そしてこのCommunity Promiseには、「マイクロソフトは誰が開発し、利用し、販売し、どのようなライセンスが適用されようとも一切の主張はしない」ということが約束されています。
これでMonoの開発者たちは安心してCLIやC#の実装に取り組めることになり、またストールマン氏の懸念も消えていくことになりそうです。
Monoプロジェクトに弾みがつくか
Monoプロジェクトのスポンサーであるノベルで、Monoプロジェクトを担当しているMiguel de Icaza氏は、自身のブログ「From Microsoft: C# and CLI under the Community Promise」でいちはやくこのことを報告し、またマイクロソフトに次のように感謝の言葉を寄せています。
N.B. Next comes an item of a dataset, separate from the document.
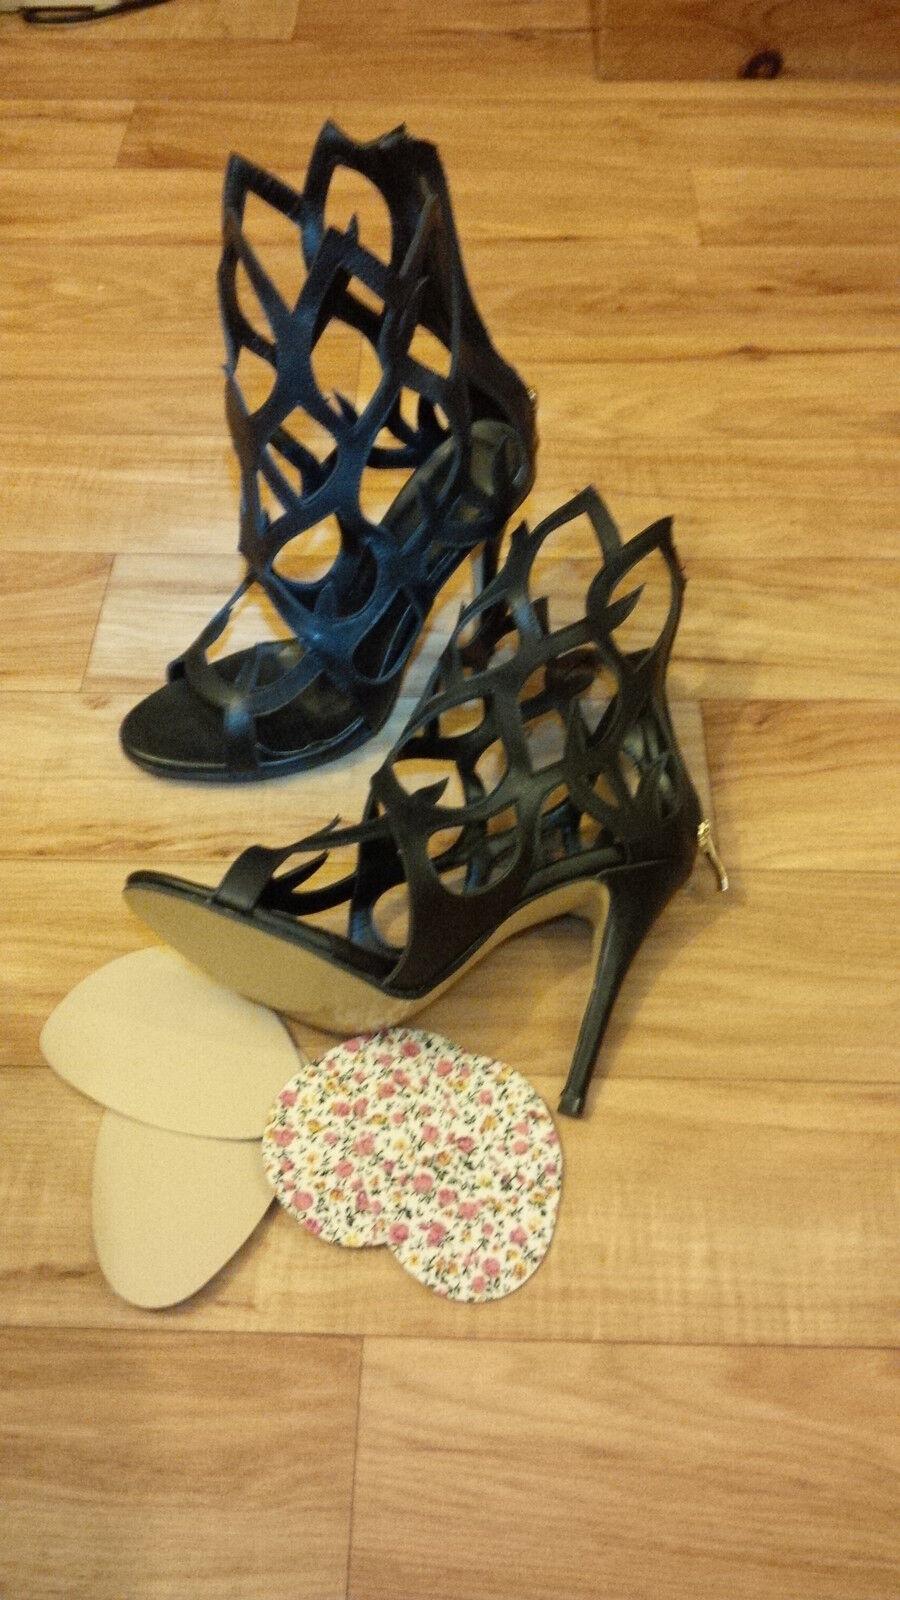 Black Black Black Choppy Cutout Ankle Boot Stilleto shoes 4.75 inch heels -  UK 5 BNIB c23544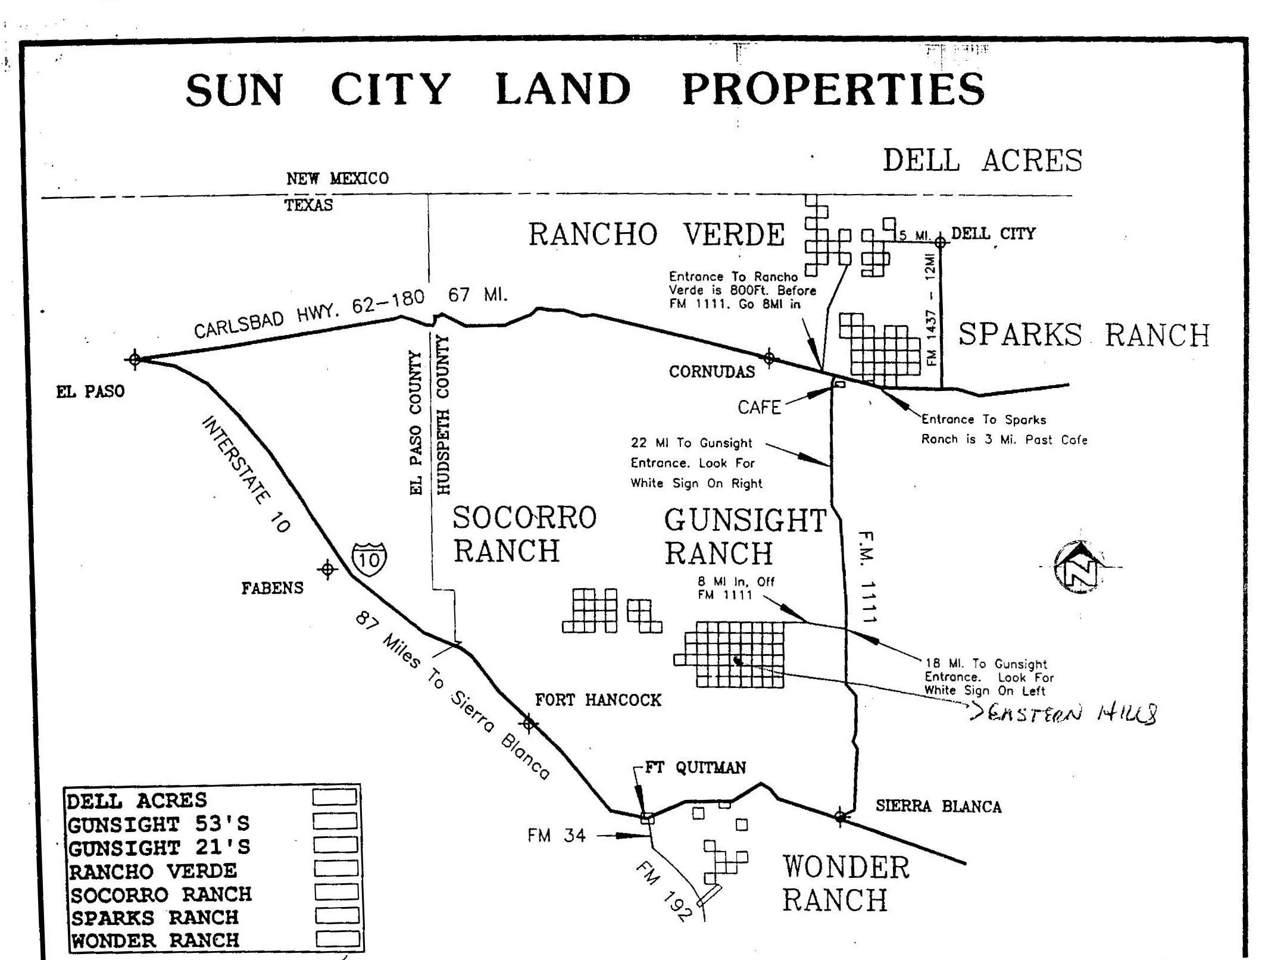 19 SEC 13 Psl Gunsight Ranch Lot 7 - Photo 1

Thanks to everyone at Microsoft that worked to get this approved and released.
また、The Linux Foundationのブログ「Microsoft applies Community Promise to the ECMA 334 and ECMA 335 specs (C#, CLI) | The Linux Foundation」でも取り上げられていました。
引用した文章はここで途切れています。